Records >>

##########

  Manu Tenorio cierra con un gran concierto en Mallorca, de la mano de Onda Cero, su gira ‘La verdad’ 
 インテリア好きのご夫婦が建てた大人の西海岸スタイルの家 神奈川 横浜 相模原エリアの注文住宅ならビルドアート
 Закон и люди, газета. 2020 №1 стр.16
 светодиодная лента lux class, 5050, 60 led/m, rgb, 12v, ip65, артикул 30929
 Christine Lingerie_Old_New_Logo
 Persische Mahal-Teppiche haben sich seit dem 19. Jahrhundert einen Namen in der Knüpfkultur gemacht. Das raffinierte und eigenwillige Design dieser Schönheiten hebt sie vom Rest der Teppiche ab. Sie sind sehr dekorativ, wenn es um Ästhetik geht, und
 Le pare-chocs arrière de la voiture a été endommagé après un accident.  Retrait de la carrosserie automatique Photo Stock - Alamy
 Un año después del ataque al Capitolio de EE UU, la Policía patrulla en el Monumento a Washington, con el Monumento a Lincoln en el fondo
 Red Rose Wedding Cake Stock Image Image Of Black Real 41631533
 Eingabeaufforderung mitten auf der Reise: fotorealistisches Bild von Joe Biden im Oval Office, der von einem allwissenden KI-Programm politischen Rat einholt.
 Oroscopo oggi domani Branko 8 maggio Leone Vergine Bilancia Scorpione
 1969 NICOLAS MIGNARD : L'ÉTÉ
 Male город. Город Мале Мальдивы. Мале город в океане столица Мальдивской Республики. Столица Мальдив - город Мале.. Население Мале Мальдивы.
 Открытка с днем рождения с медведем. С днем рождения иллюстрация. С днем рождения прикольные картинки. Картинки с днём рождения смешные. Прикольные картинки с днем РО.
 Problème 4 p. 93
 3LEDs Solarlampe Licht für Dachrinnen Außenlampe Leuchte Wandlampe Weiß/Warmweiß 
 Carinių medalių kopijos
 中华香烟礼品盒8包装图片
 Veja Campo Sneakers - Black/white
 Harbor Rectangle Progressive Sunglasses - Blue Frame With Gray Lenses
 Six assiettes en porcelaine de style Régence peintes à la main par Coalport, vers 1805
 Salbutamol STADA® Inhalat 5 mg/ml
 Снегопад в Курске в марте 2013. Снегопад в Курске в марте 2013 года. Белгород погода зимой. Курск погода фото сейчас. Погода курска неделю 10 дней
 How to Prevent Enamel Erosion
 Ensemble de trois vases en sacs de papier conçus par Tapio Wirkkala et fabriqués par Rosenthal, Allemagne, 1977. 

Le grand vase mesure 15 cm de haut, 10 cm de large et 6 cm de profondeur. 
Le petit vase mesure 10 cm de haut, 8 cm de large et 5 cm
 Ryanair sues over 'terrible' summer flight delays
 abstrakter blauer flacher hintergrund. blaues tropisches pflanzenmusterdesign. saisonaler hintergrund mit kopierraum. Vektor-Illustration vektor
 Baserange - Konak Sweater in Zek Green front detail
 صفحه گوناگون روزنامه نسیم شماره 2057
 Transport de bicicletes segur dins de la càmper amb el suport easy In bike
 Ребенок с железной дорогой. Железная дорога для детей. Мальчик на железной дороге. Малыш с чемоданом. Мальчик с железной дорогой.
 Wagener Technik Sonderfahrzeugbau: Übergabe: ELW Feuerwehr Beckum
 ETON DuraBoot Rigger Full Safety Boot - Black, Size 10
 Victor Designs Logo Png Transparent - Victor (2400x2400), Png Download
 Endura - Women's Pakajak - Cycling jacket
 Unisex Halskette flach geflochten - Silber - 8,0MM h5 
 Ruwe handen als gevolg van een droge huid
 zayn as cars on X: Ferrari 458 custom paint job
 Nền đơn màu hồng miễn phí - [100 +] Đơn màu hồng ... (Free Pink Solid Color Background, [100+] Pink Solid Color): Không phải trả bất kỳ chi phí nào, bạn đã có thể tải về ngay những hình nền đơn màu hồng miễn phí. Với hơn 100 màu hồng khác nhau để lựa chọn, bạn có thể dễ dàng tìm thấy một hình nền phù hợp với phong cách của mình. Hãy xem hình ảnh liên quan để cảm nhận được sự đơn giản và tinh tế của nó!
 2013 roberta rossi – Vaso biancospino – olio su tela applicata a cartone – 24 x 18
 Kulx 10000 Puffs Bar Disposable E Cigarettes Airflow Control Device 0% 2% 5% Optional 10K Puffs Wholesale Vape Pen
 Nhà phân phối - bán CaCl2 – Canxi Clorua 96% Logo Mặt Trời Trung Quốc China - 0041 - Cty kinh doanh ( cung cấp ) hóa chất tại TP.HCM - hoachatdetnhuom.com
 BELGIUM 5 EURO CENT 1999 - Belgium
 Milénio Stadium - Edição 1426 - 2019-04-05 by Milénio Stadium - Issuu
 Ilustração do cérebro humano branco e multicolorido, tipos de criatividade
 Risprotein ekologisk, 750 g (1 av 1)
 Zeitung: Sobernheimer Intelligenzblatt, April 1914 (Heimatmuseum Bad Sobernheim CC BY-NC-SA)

##########

From the records above, extract exactly and only the lines that begin at the line with "Unisex Halskette flach" and stop after the line with "zayn as cars".

 Unisex Halskette flach geflochten - Silber - 8,0MM h5 
 Ruwe handen als gevolg van een droge huid
 zayn as cars on X: Ferrari 458 custom paint job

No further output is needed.